In 1880–1890, celebration bands and groups linked as societies with sports clubs with distinguishable emblems and dress paraded through the city and suburbs on New Year's Eve. These societies prepared special costumes for New Year's and these became a crucial part of the event. More than 60 minstrel troupes, some a thousand strong have been known to participate in the marches. Minstrel troupes are fiercely competitive and the preparations leading towards the parade, costumes and performances are kept as secrets until the big reveal on the day. They compete for trophies such as the "Champion of Champions award". This award has been won by the Pennsylvanians for 10 years in succession. The minstrel troupes give a sense of pride and community to the group members. The "ghoema" drum is the common thread that binds together all the music of the carnival.

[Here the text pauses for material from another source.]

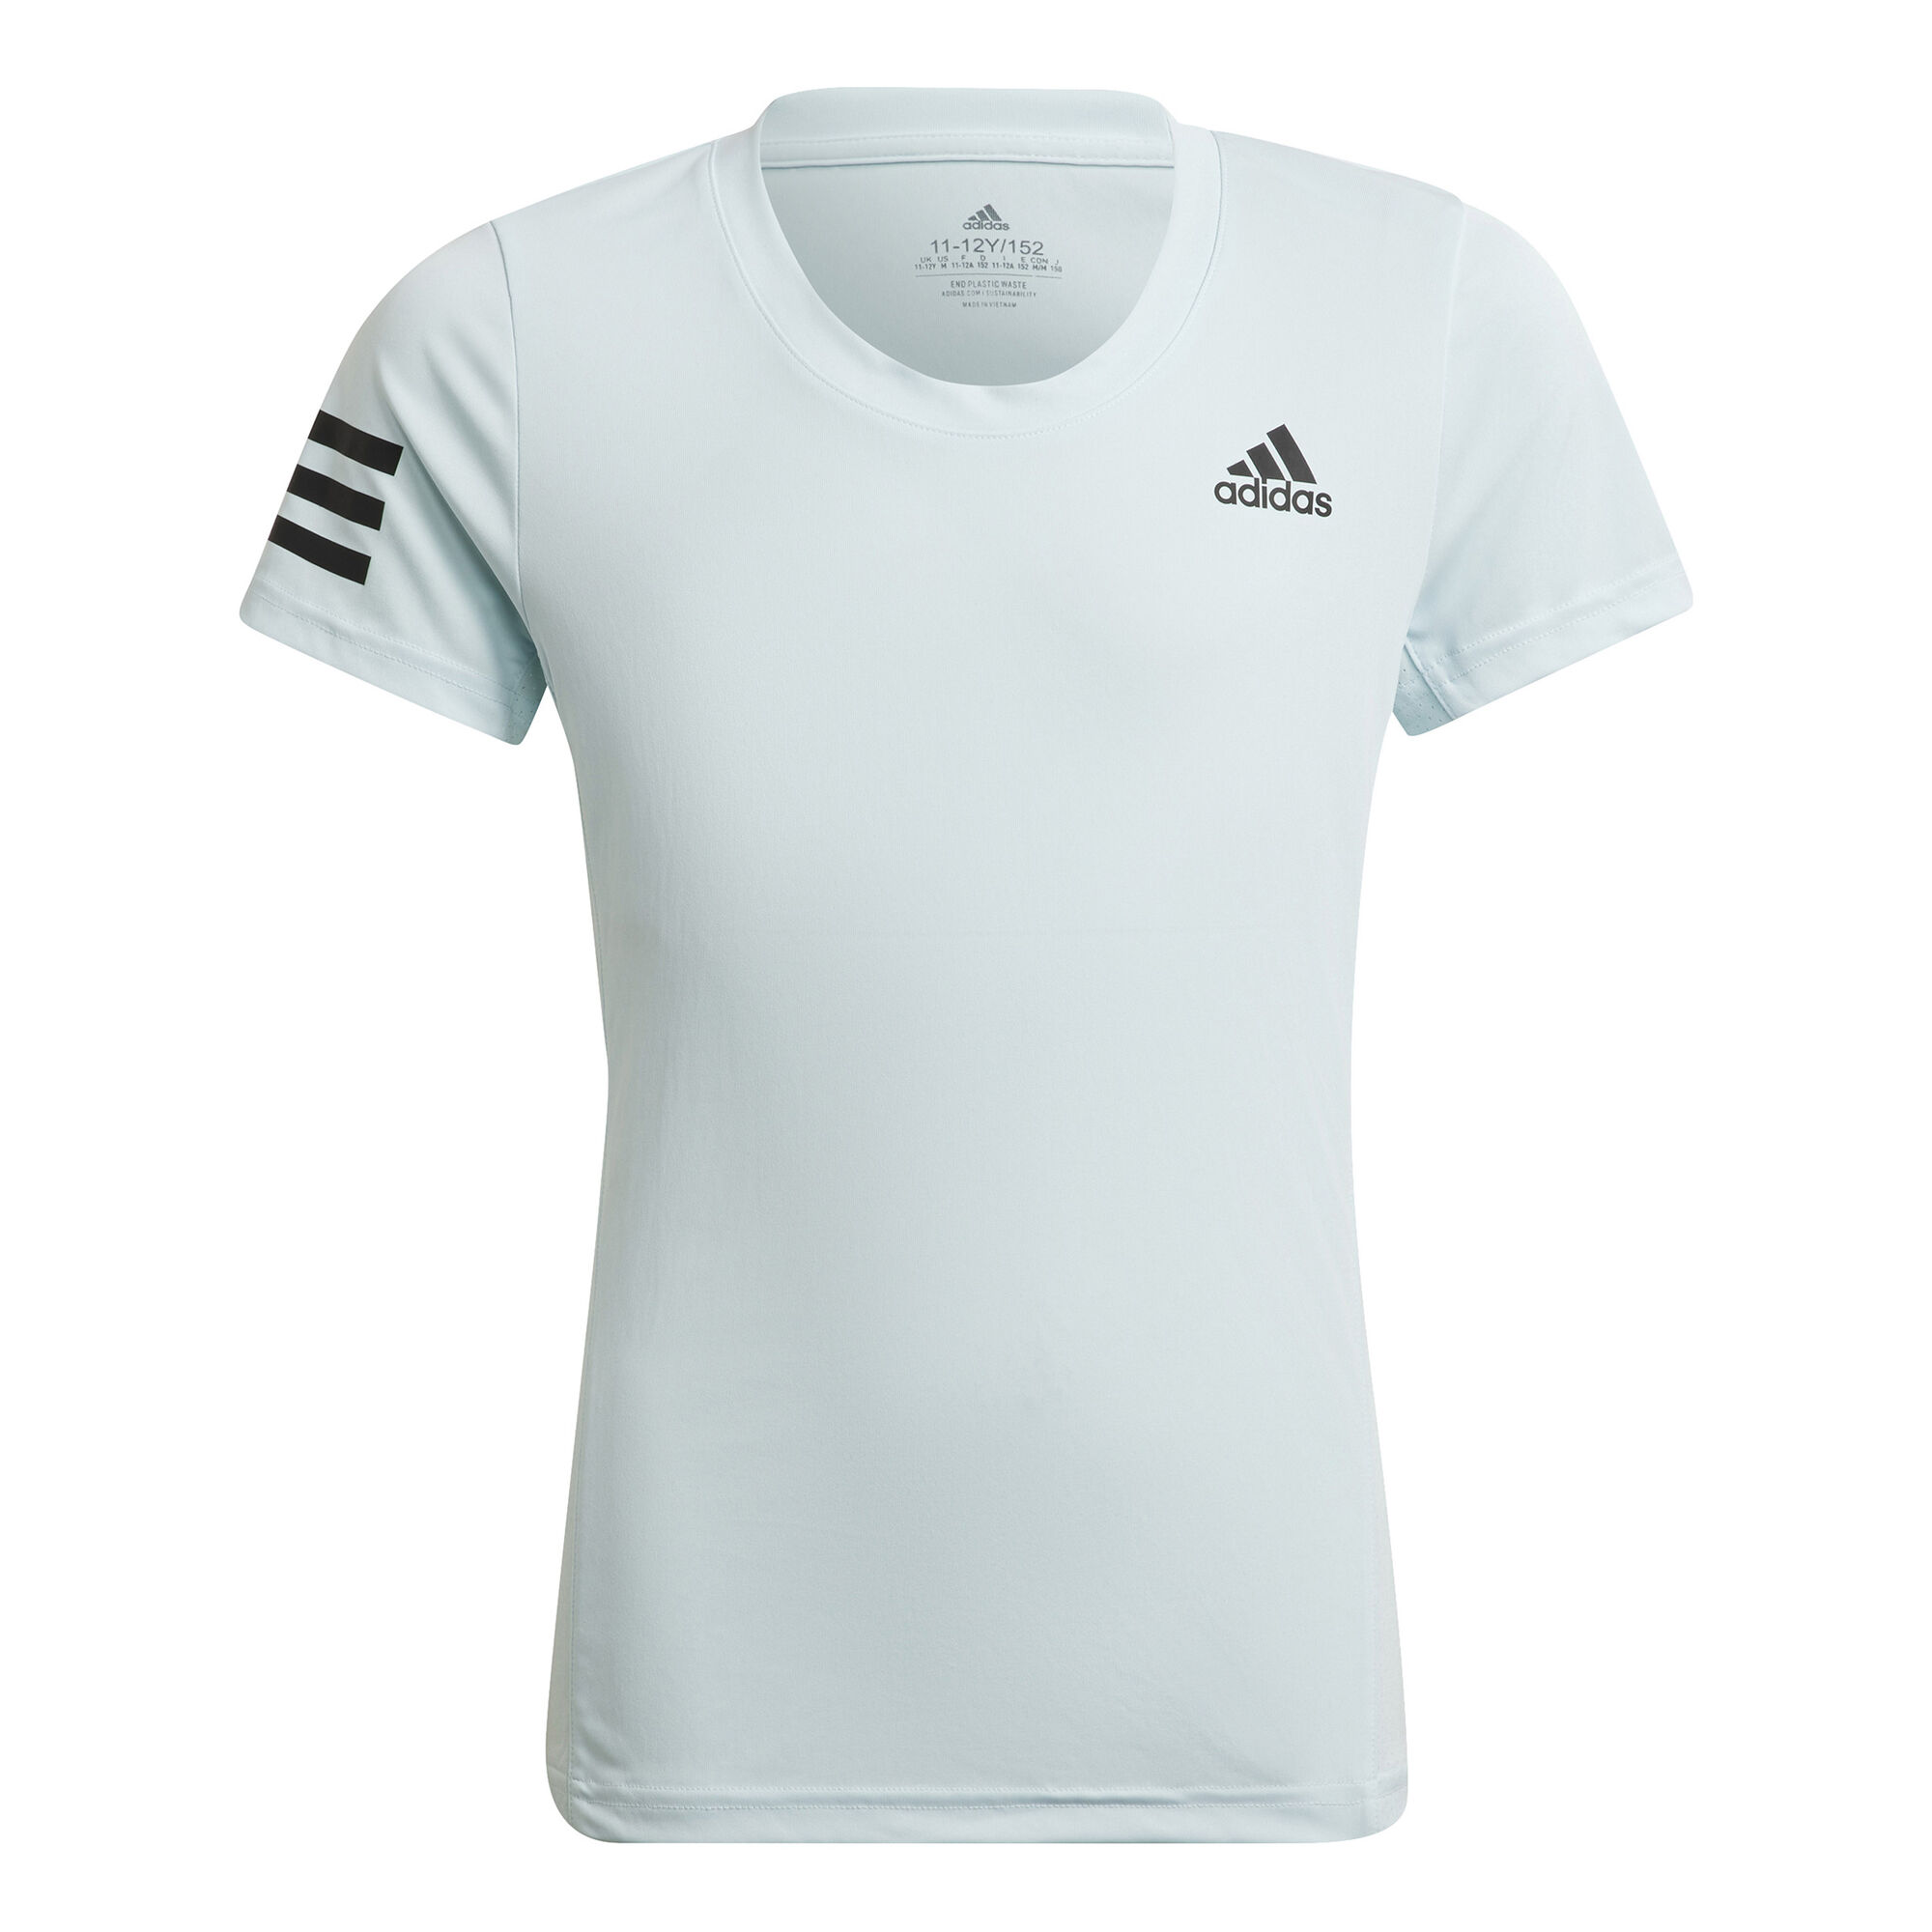 voorspelling Bedelen samenzwering adidas Club T-shirt Meisjes - Blauw online kopen | Tennis-Point

Until mid-1900s, competitions were organised by individual promoters. Boards appeared and disappeared – "Cape Peninsula Coon Carnival Board", "Western Province Jubilee Carnival Board" (Jimmy WG Allen), "Cape Western Coon Carnival Board" (directed by Sonny Loyd). The majority of the troupes are represented by the Kaapse Klopse Karnaval Association which is one of the break-away Associations from the Kaapse Karnaval ("Cape Carnival") Association. Today, the Cape Town Minstrels Carnival Association oversees the organisation of the Minstrel Carnival.

==Evolution of music==
The music associated with minstrel history and Tweede Nuwe Jaar was influenced by a variety of sources. In the 17th and 18th centuries, slaves were sent to the Cape of Good Hope from Indonesia, Malaysia, Sri Lanka, India and East Africa (Madagascar), creating a melting pot of culture and influence. The British garrisons of the era influenced the marching processions of the minstrel troupes and a substantial collection of songs draw their origins from the Netherlands. The Cape slaves together with the local Khoisan population were known to sing in choirs as part of the celebrations. They also watched the colonial troops parade in Cape Town while singing "God Save the Queen". Traces of African, Asian and European music can be heard in the minstrel music. The ghoema beat reflects rhythmic similarities of India, Indonesia, Africa and the Middle East. Therefore, "Ghoemaliedjies" (Ghoema songs) are reminiscent of the music from Africa, Asia and Europe. "Melodies" and "moppies" have Western origins and were strongly influenced by African–American music (possibly associated with the exposure to the visiting American minstrels). The cinemas across District Six also exerted the jazz influence and the re-enactment of famous actors and singers in the performances.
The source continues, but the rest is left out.